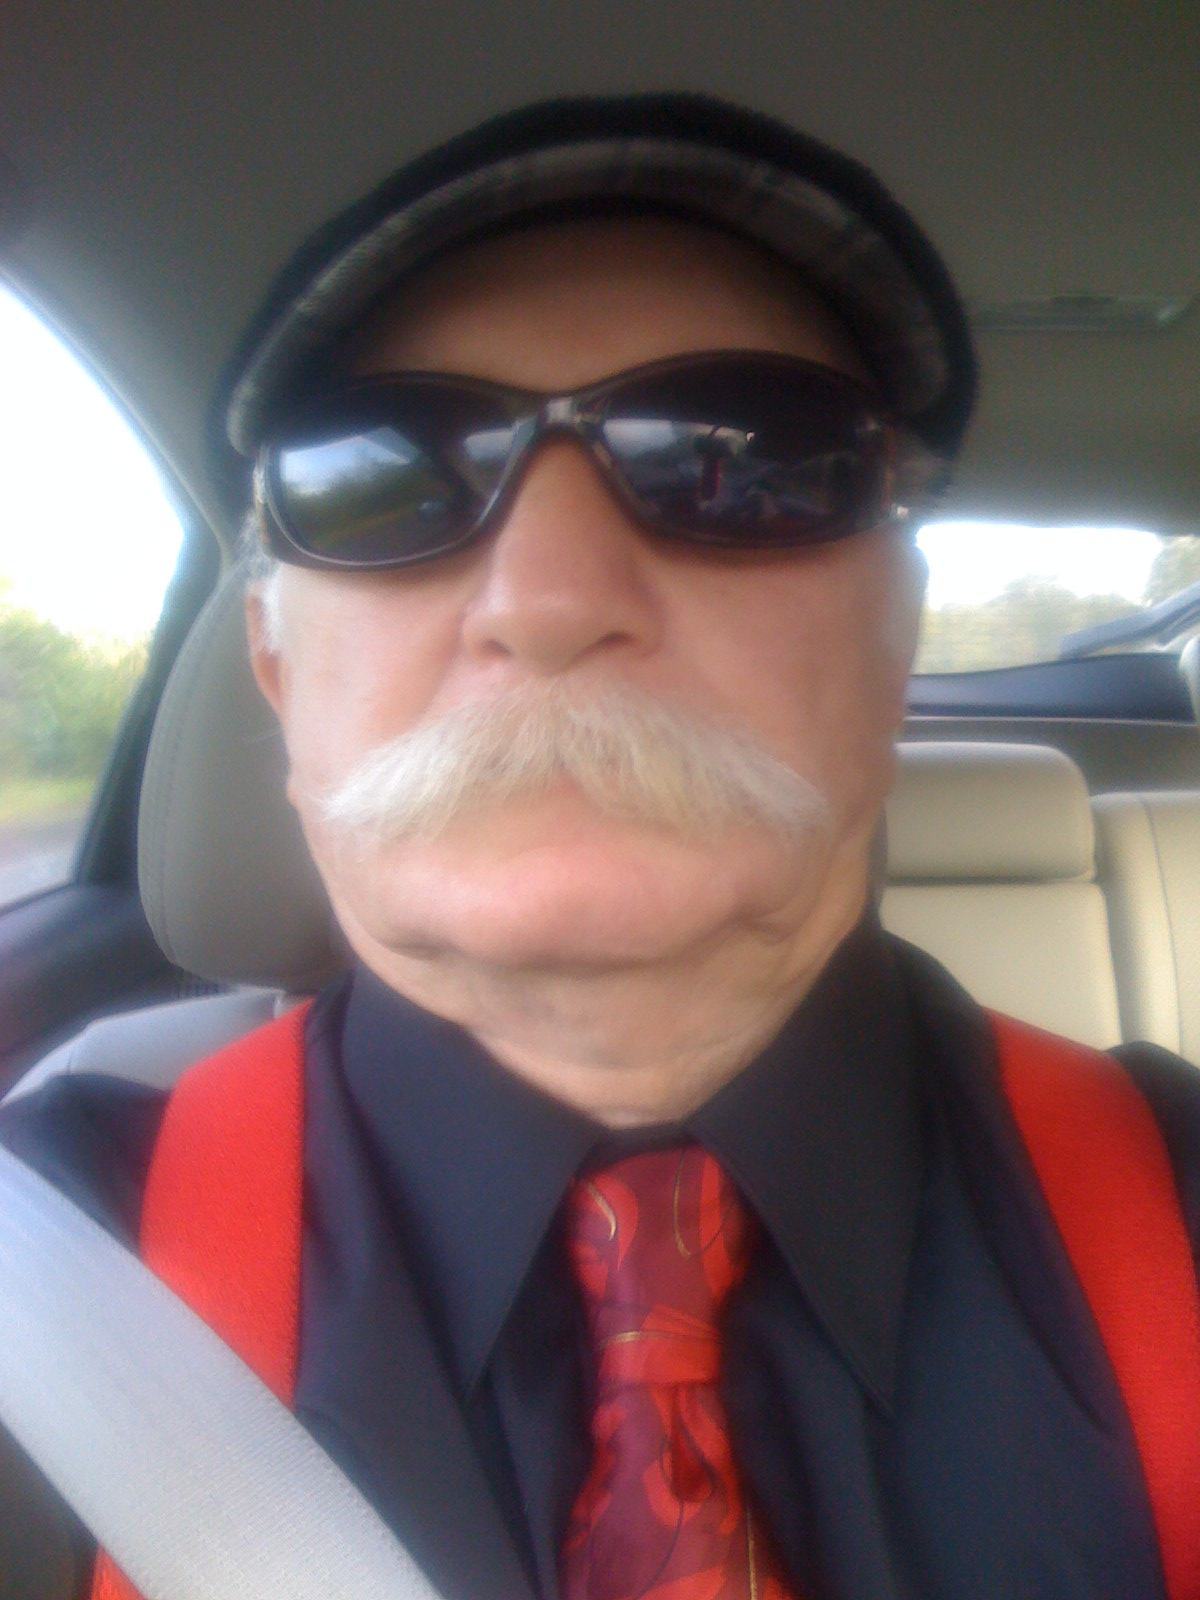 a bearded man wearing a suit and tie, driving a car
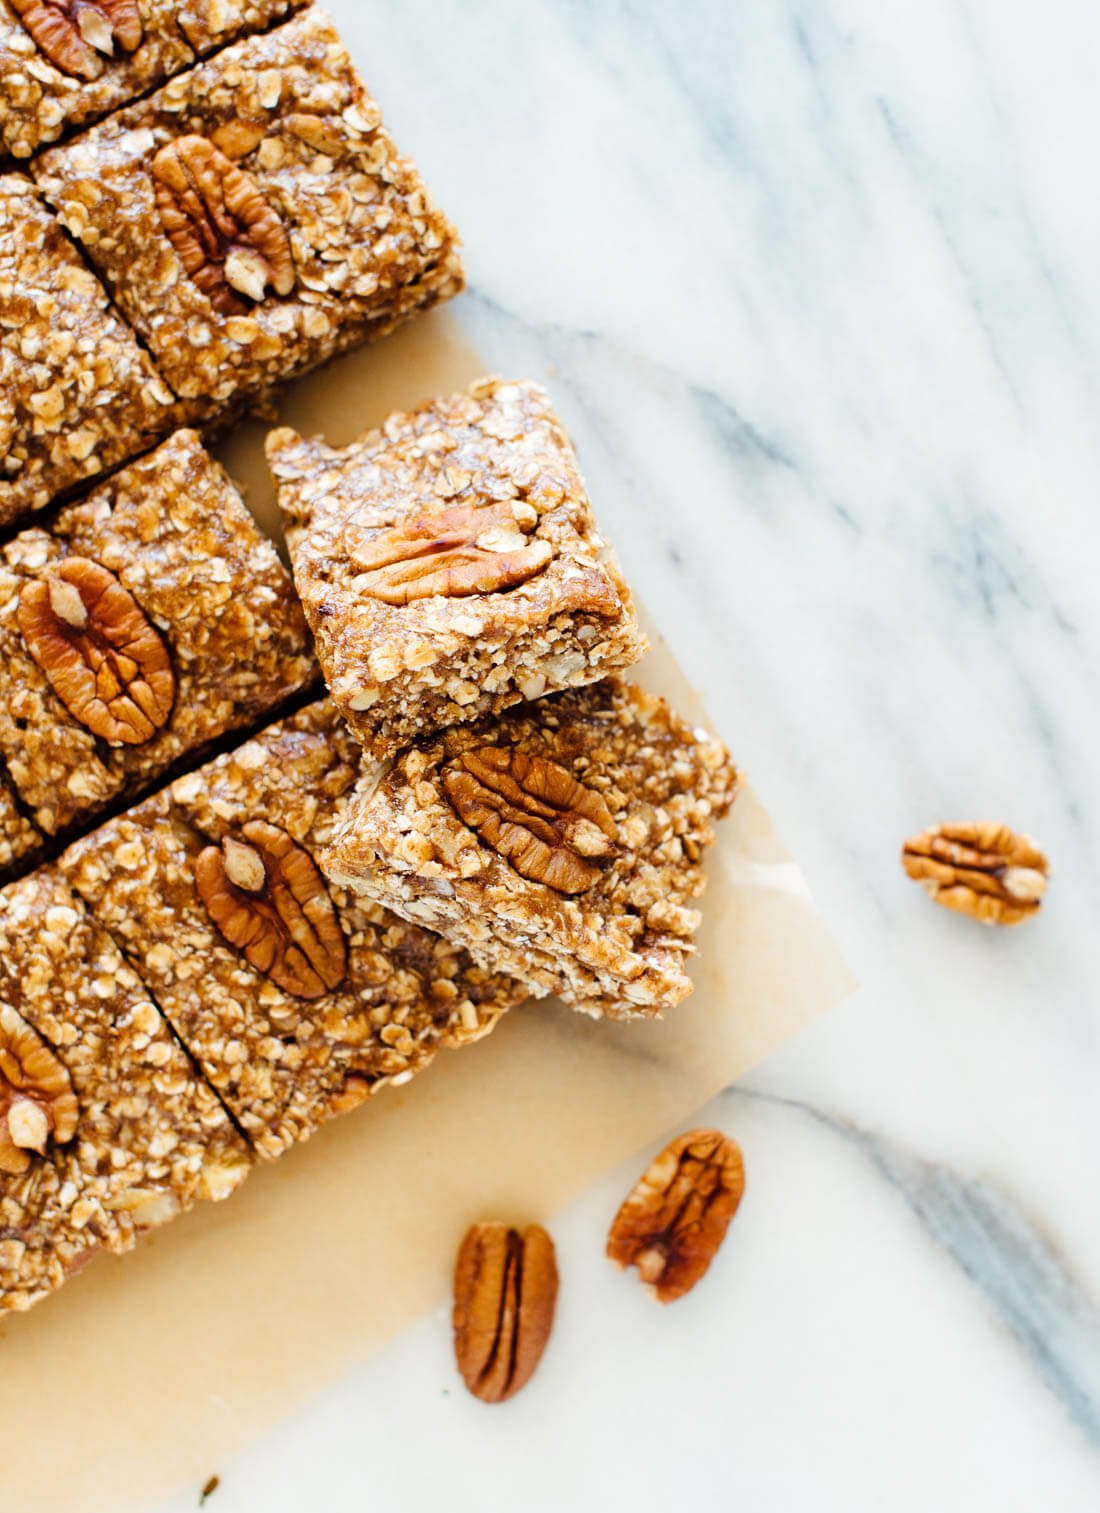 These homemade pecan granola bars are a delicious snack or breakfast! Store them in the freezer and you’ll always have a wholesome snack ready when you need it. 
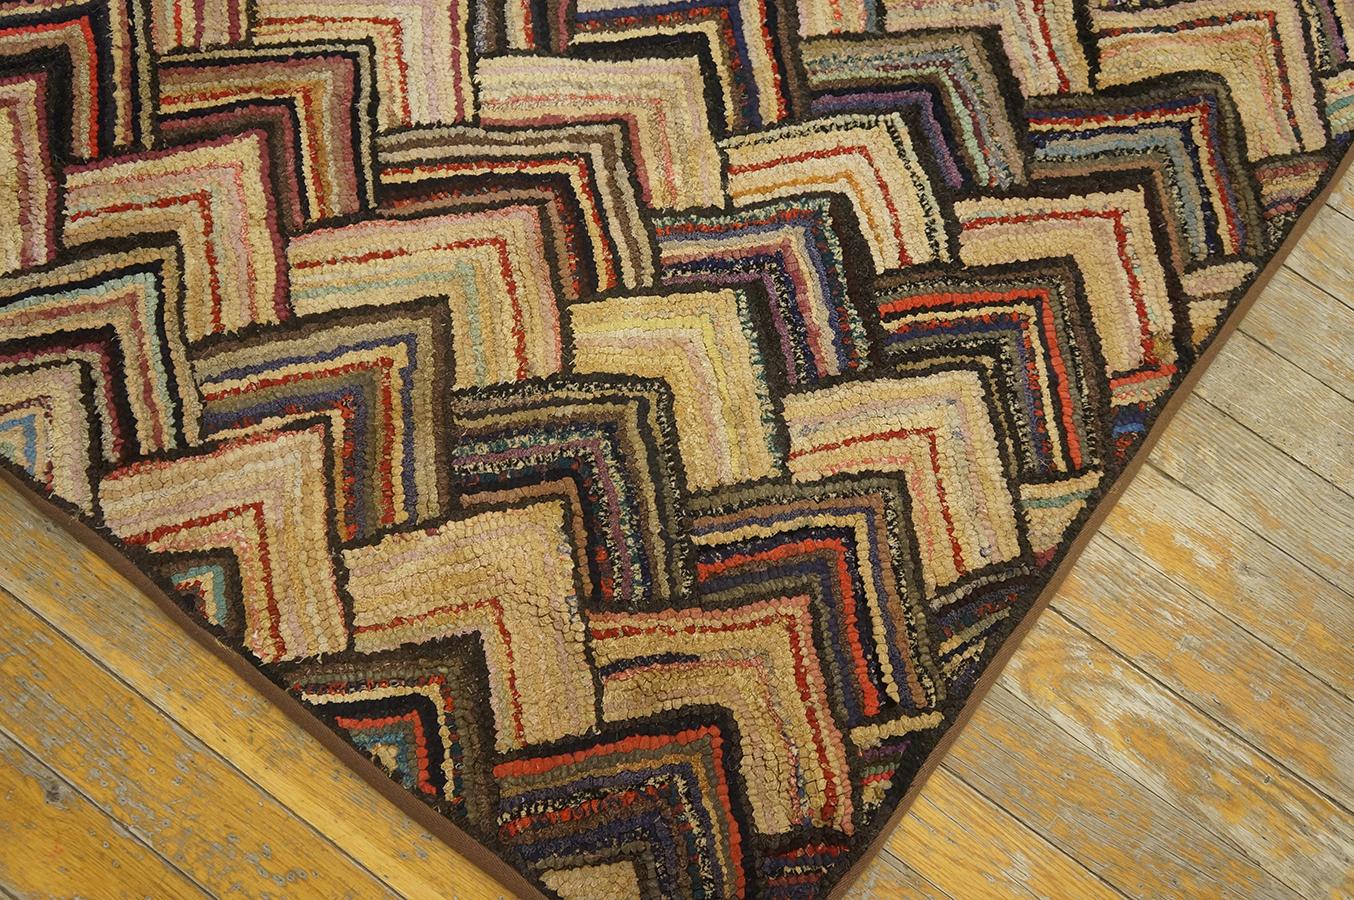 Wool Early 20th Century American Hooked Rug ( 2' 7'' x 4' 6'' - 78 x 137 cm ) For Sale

* [Problem to work on]:
Please repeat the data verbatim and leave the pictures out of your copy.

* [Written response]:
 a bearded man wearing a suit and tie, driving a car
 These homemade pecan granola bars are a delicious snack or breakfast! Store them in the freezer and you’ll always have a wholesome snack ready when you need it. 
 Wool Early 20th Century American Hooked Rug ( 2' 7'' x 4' 6'' - 78 x 137 cm ) For Sale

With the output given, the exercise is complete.